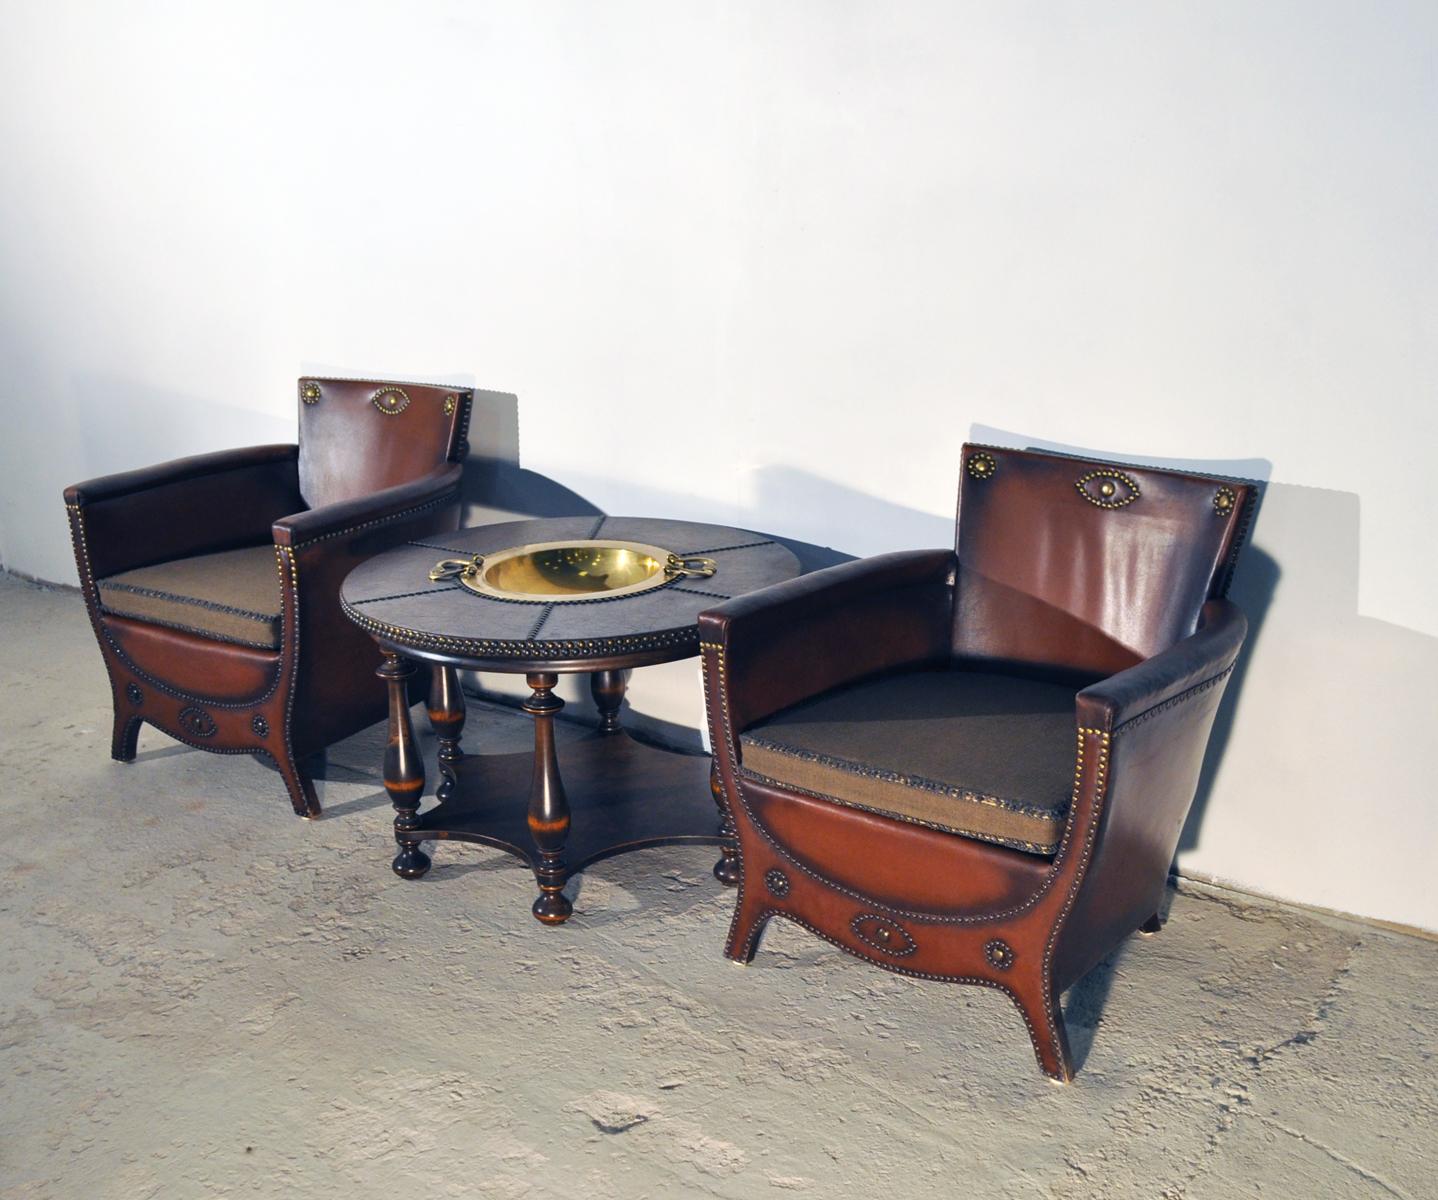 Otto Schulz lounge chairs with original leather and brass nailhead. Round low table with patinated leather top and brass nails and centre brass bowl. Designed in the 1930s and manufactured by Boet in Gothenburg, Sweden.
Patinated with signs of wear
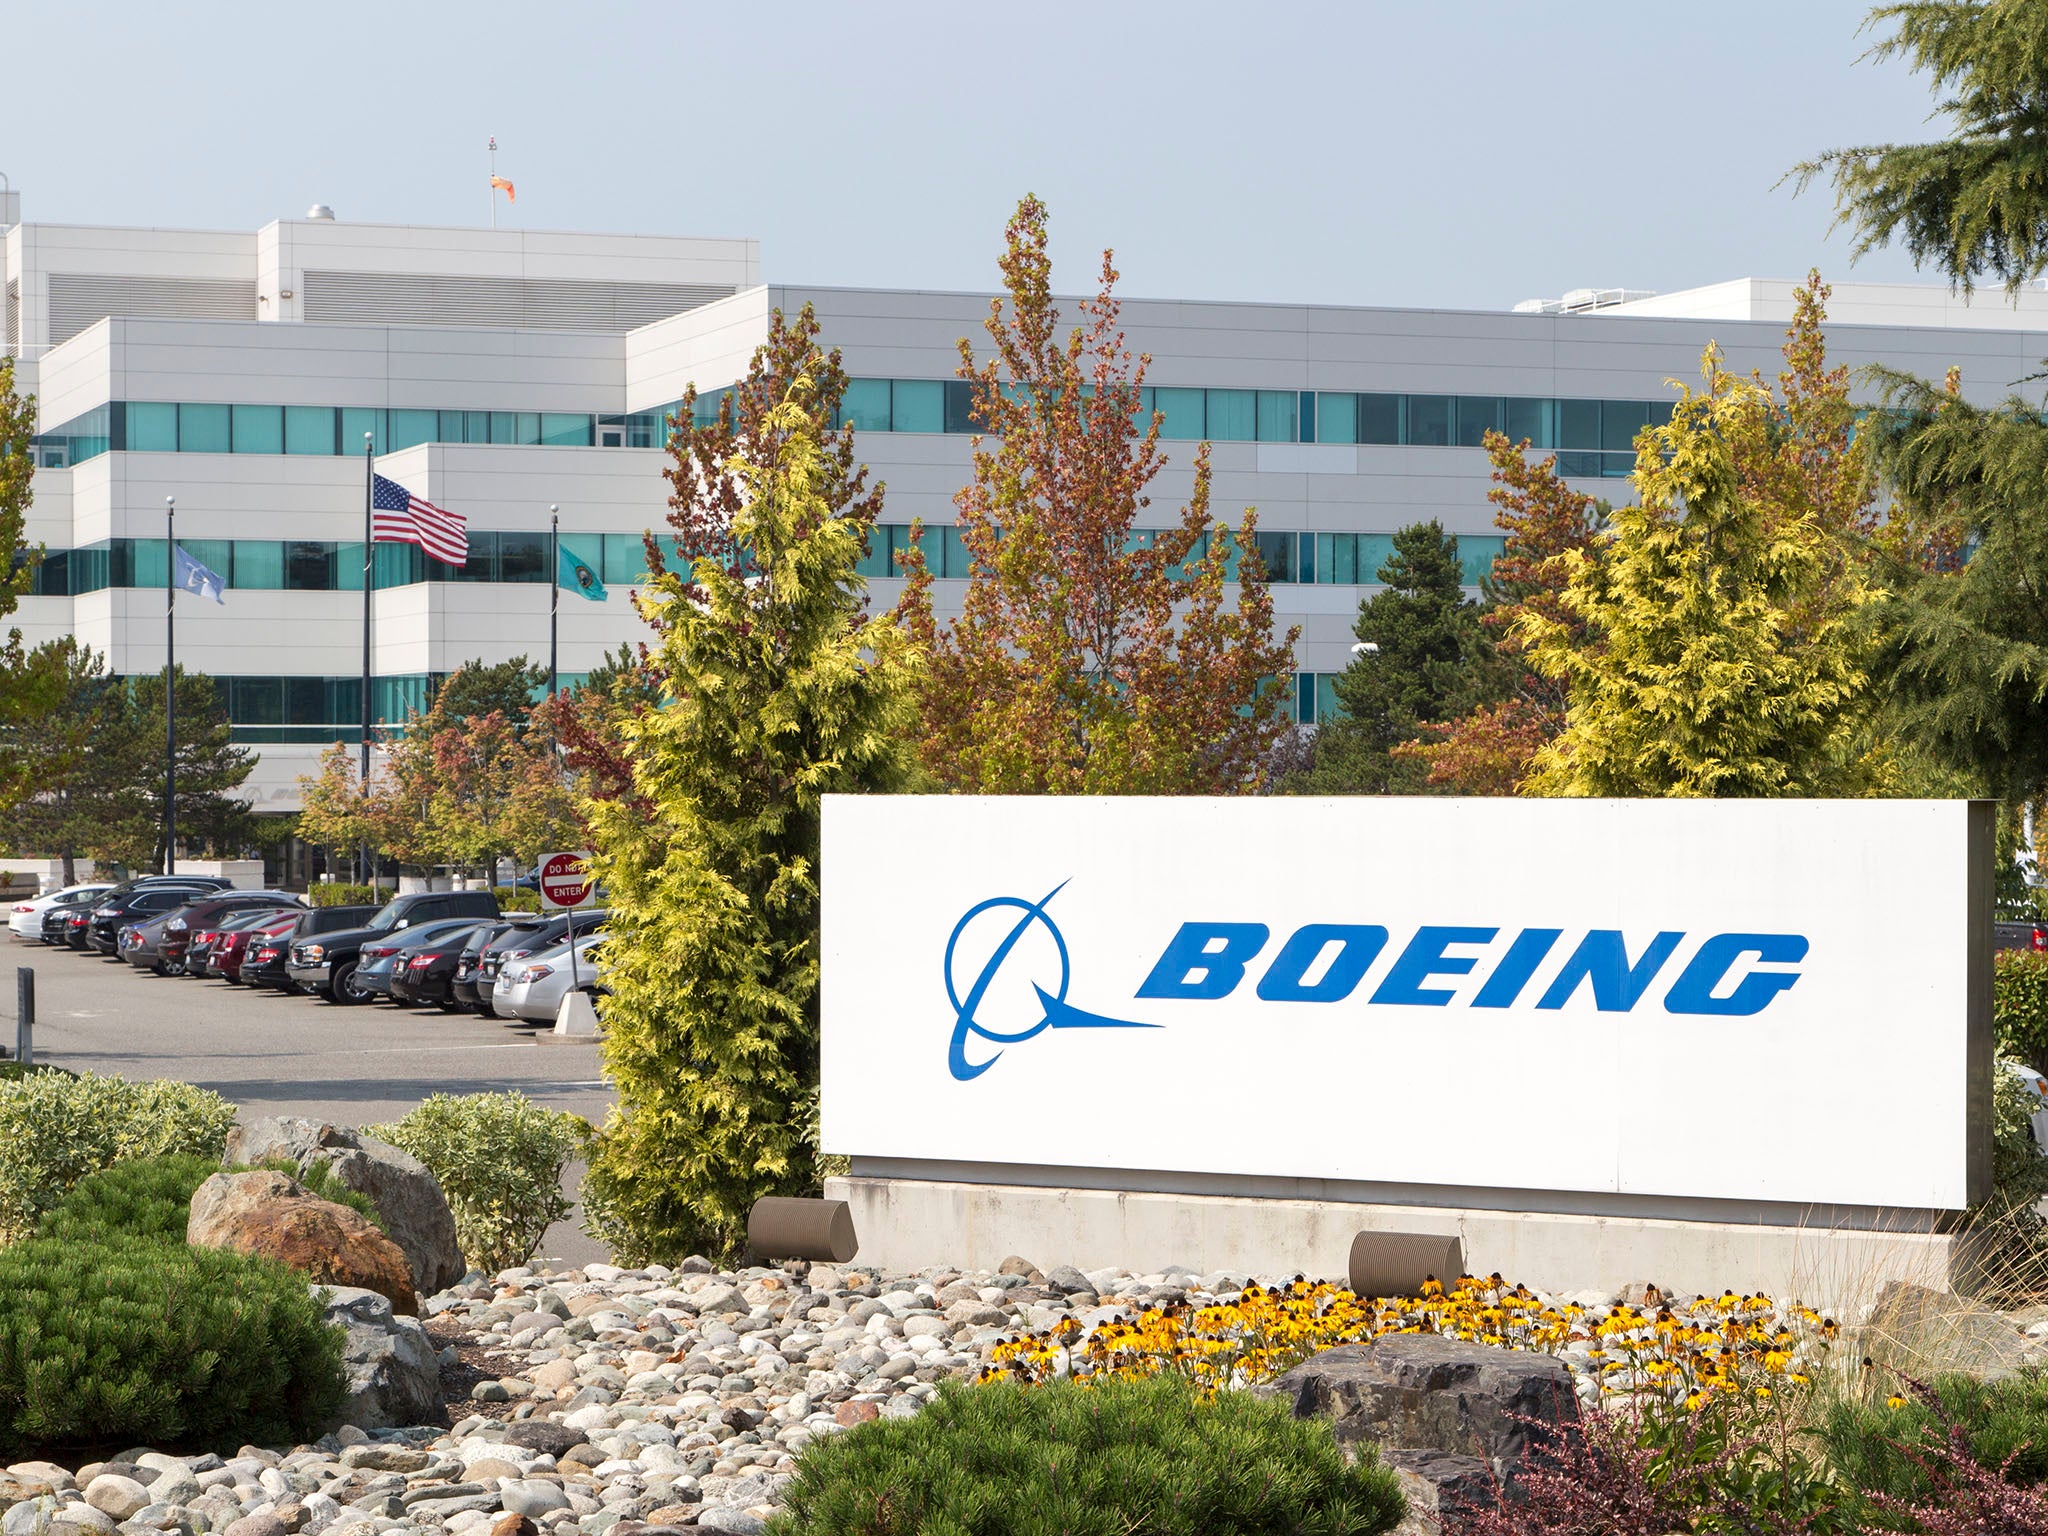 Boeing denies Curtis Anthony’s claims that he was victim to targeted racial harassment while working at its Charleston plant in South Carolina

* * * * * * * * *

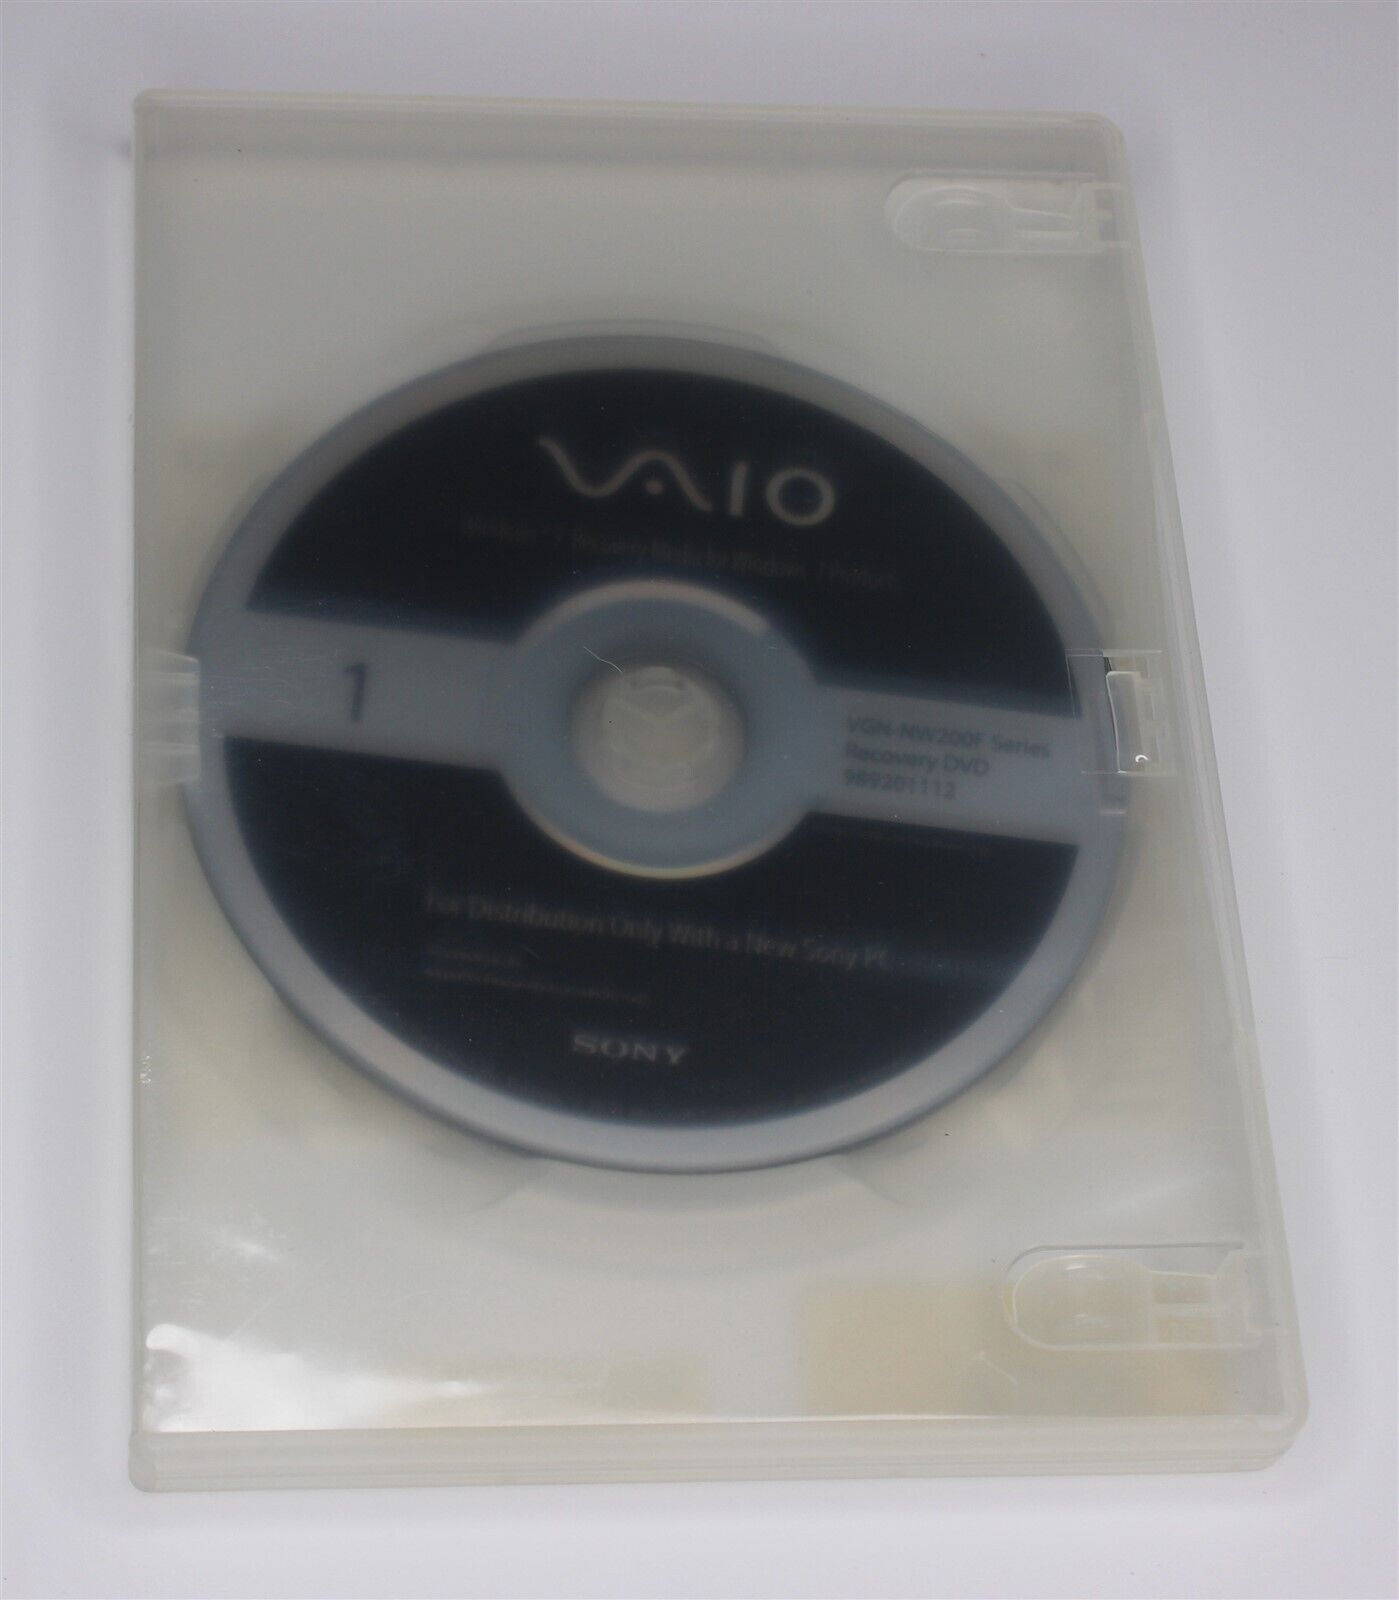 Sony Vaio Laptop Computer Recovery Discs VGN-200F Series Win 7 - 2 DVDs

* * * * * * * * *

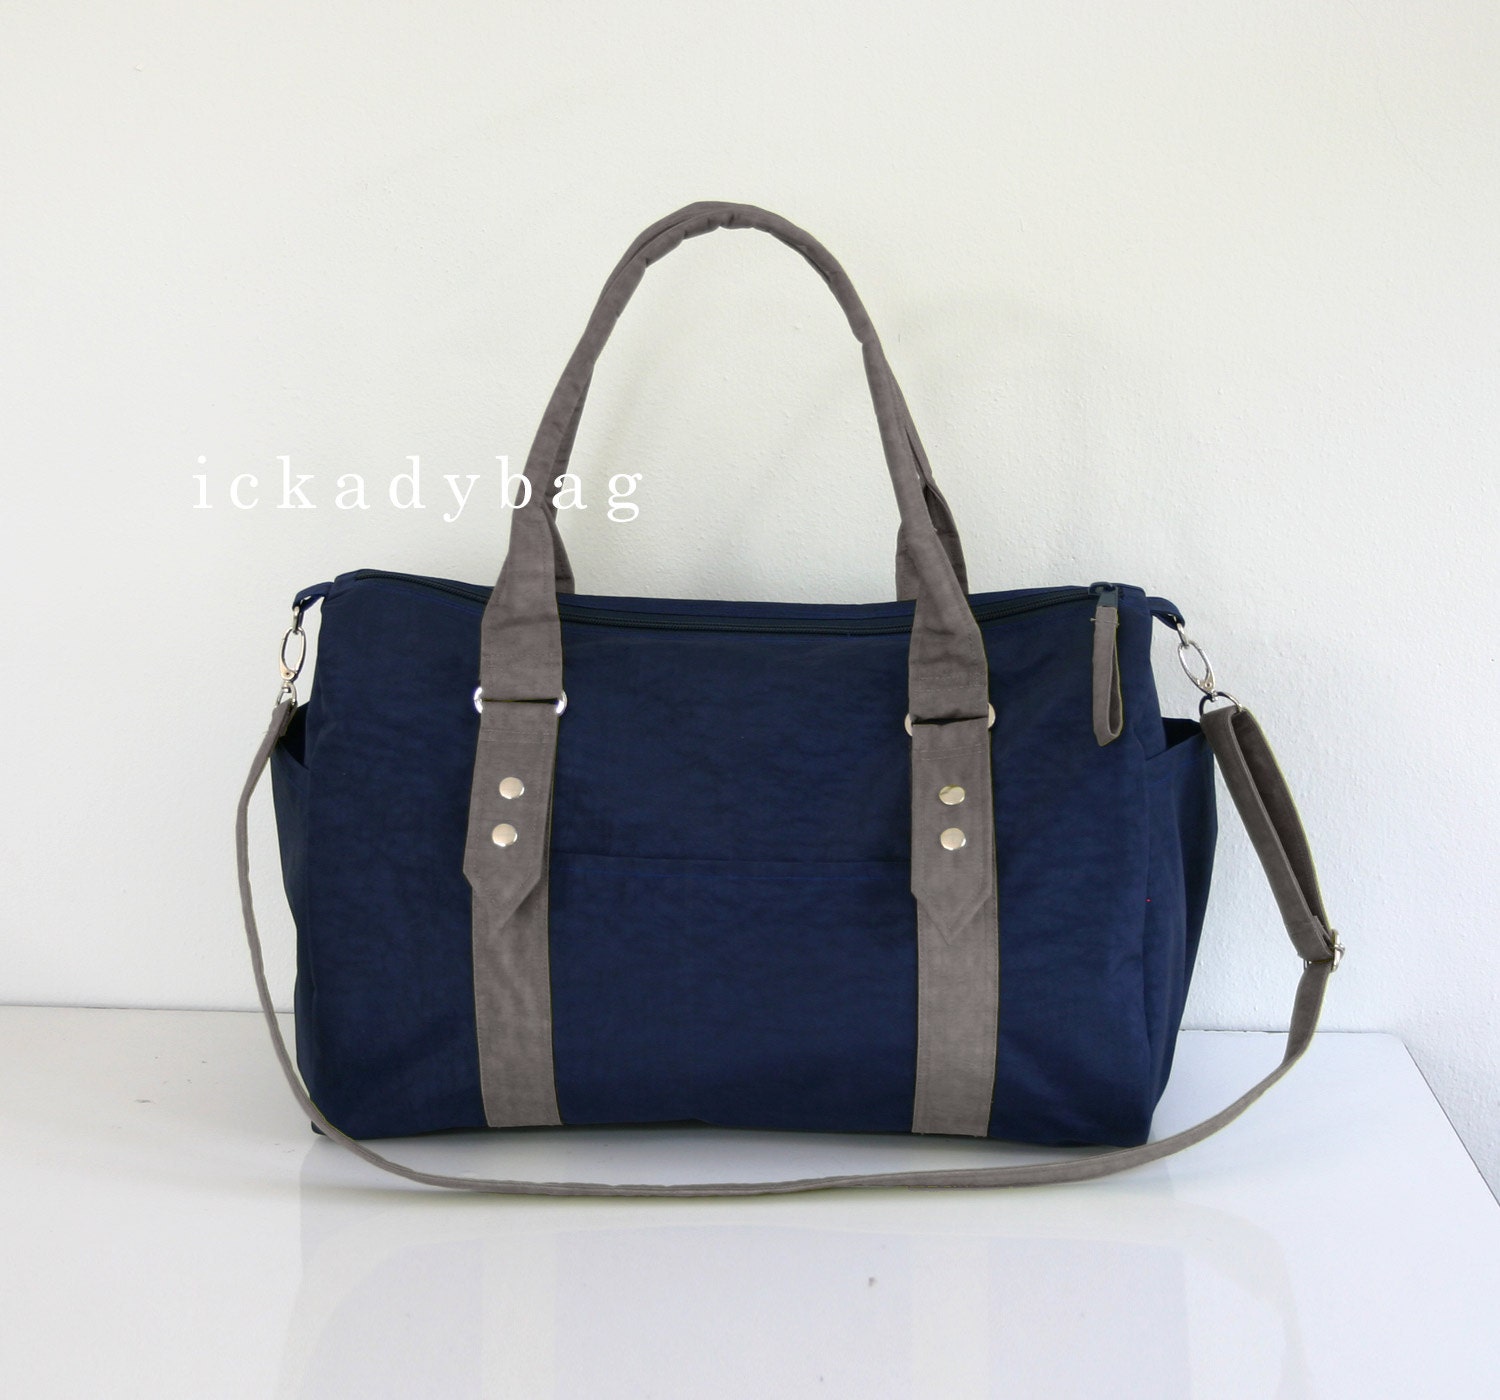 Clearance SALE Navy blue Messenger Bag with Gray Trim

* * * * * * * * *

Print, word for word, the lines above that run from the line containing "Patinated with signs of wear" to the line containing "Boeing denies Curtis", both included. Keep the pictures out.

Patinated with signs of wear
 Boeing denies Curtis Anthony’s claims that he was victim to targeted racial harassment while working at its Charleston plant in South Carolina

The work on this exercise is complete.